Comparing Website Generators Over Time

Introduction

This article is the follow-up of Retrieving And Scrapping Archived Data With The Wayback Machine. Here I will display some results from the scrapped archived web site https://www.staticgen.com/ at seven dates, starting from May 2014 to August 2019.

A remark on my own account

This blog entry is the first time that I am using RMarkdown for programming and displaying R code. I am not yet skilled how to do this. For instance I have included all code chunks even with my comments and some of my abandoned trials of programming code. This works well for me as a reminder and learning experience. I am not sure if this is valuable for other people as well or if its distracting because of an overload of information. Comments on this isssue are welcome.
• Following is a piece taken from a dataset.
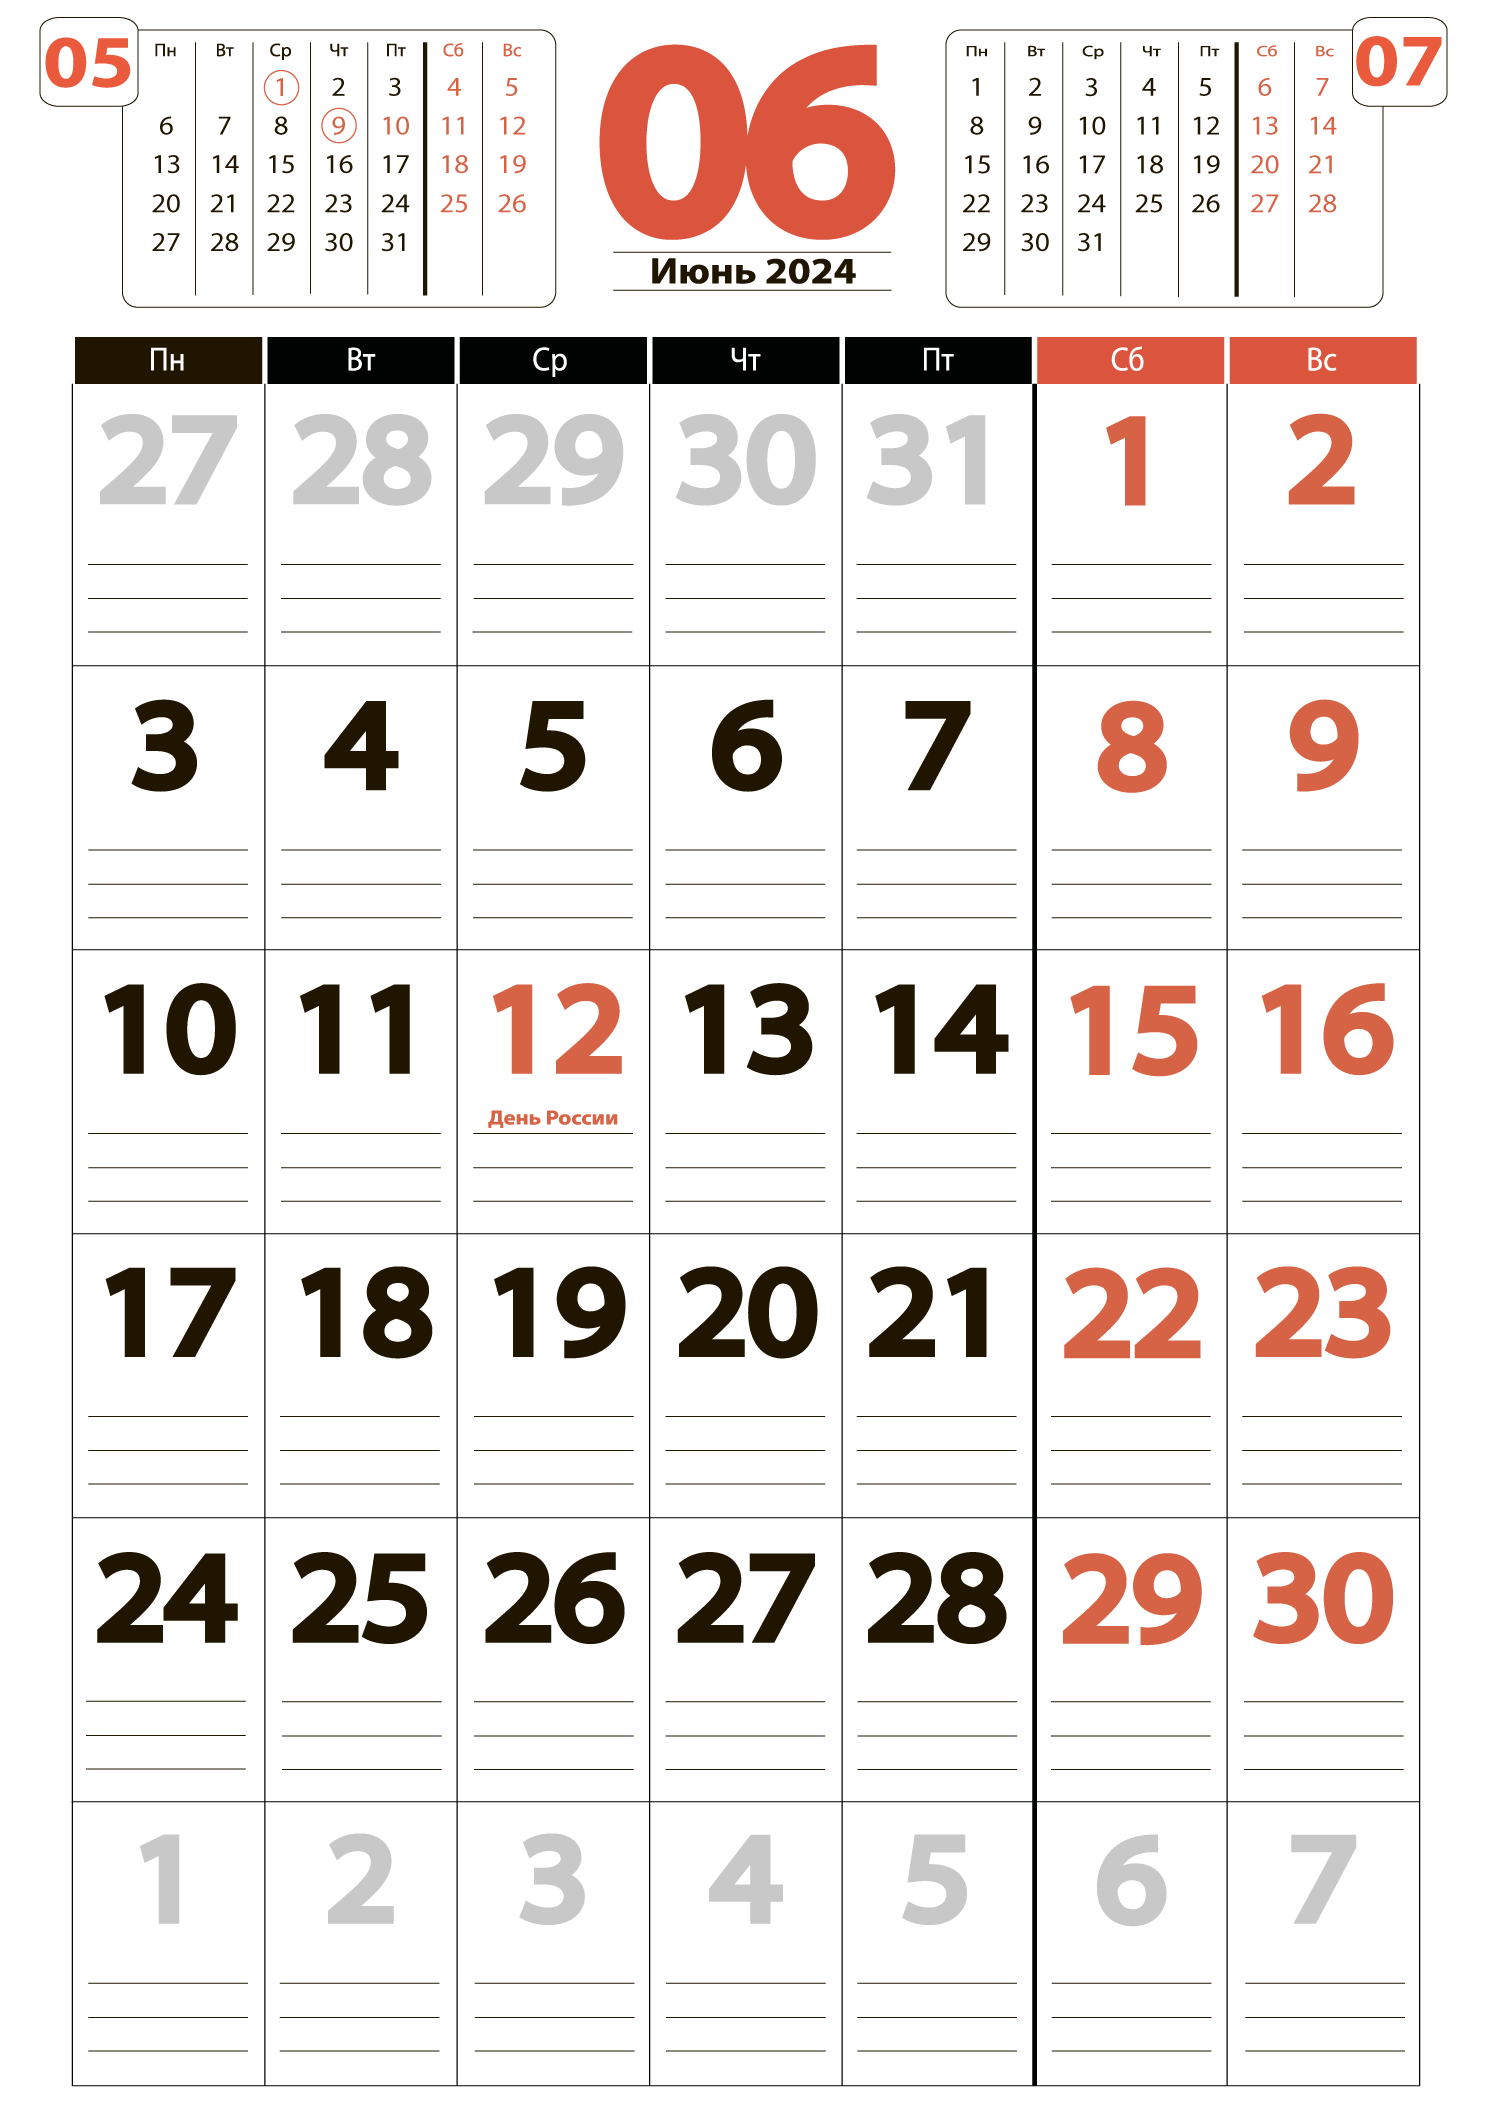 Печать крупного календаря на июнь 2024
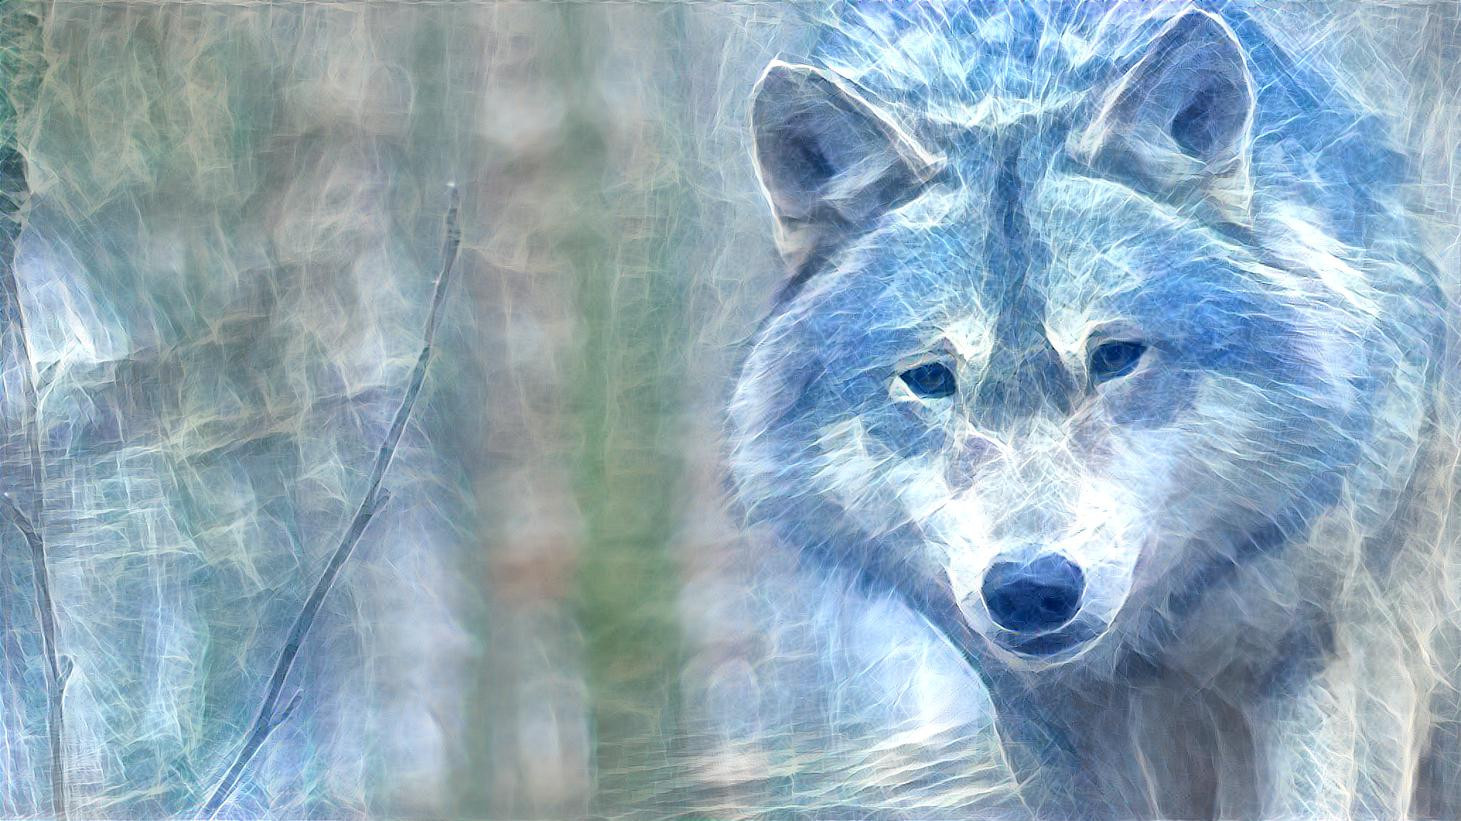 Ghost Wolf: https://www.instagram.com/p/CIarbF_BHzM/

The data for this article comes from the previous article, and I will load them with the following code chunk:

### Load dataset
sg_crawllist <- readRDS("../../../data/sg_crawllist.rds")
sg_data_collection <- readRDS("../../../data/sg_data_collection.rds")
sg_names <- readRDS("../../../data/sg_names.rds")
sg_data <- readRDS("../../../data/sg_data.rds")

Setup

knitr::opts_chunk$set(
        message = F,
        error = F,
        warning = F,
        comment = NA,
        highlight = T,
        prompt = T
        )
### Set the global option options(stringsAsFactors = FALSE) 
### inside a parent function and restore the option after the parent function exits
if (!require("xfun"))
        {install.packages("xfun", repos = 'http://cran.wu.ac.at/')
        library(xfun)}
## Loading required package: xfun
## 
## Attaching package: 'xfun'
## The following objects are masked from 'package:base':
## 
##     attr, isFALSE
xfun::stringsAsStrings()

### install and load some important packages
### https://github.com/tidyverse/tidyverse
if (!require("tidyverse"))
        {install.packages("tidyverse", repos = 'http://cran.wu.ac.at/')
        library(tidyverse)}
## Loading required package: tidyverse
## ── Attaching packages ──────────────────────────────────────────────────────────── tidyverse 1.2.1 ──
## ✔ ggplot2 3.2.0     ✔ purrr   0.3.2
## ✔ tibble  2.1.3     ✔ dplyr   0.8.3
## ✔ tidyr   0.8.3     ✔ stringr 1.4.0
## ✔ readr   1.3.1     ✔ forcats 0.4.0
## ── Conflicts ─────────────────────────────────────────────────────────────── tidyverse_conflicts() ──
## ✖ dplyr::filter() masks stats::filter()
## ✖ dplyr::lag()    masks stats::lag()
# lubridate, for date/times.
if (!require("lubridate"))
        {install.packages("lubridate", repos = 'http://cran.wu.ac.at/')
        library(lubridate)}
## Loading required package: lubridate
## 
## Attaching package: 'lubridate'
## The following object is masked from 'package:base':
## 
##     date
# reshape2, restructure and aggregate data using melt and dcast
if (!require("reshape2"))
        {install.packages("reshape2", repos = 'http://cran.wu.ac.at/')
        library(reshape2)}
## Loading required package: reshape2
## 
## Attaching package: 'reshape2'
## The following object is masked from 'package:tidyr':
## 
##     smiths

Introduction

This article is the follow-up of Retrieving And Scrapping Archived Data With The Wayback Machine. Here I will display some results from the scrapped archived web site https://www.staticgen.com/ at seven dates, starting from May 2014 to August 2019. The data for this article comes from the previous article, and I will load them with the following code chunk:

My analysis will concentrate on three issues:

  1. Development of the number of static web site generators as displayed by the website https://www.staticgen.com/.
  2. Name of static website generators ranked by the number of stars for their repositories as a proxy for their popularity.
  3. Relative rankings of 18 website generators among each other at seven different dates.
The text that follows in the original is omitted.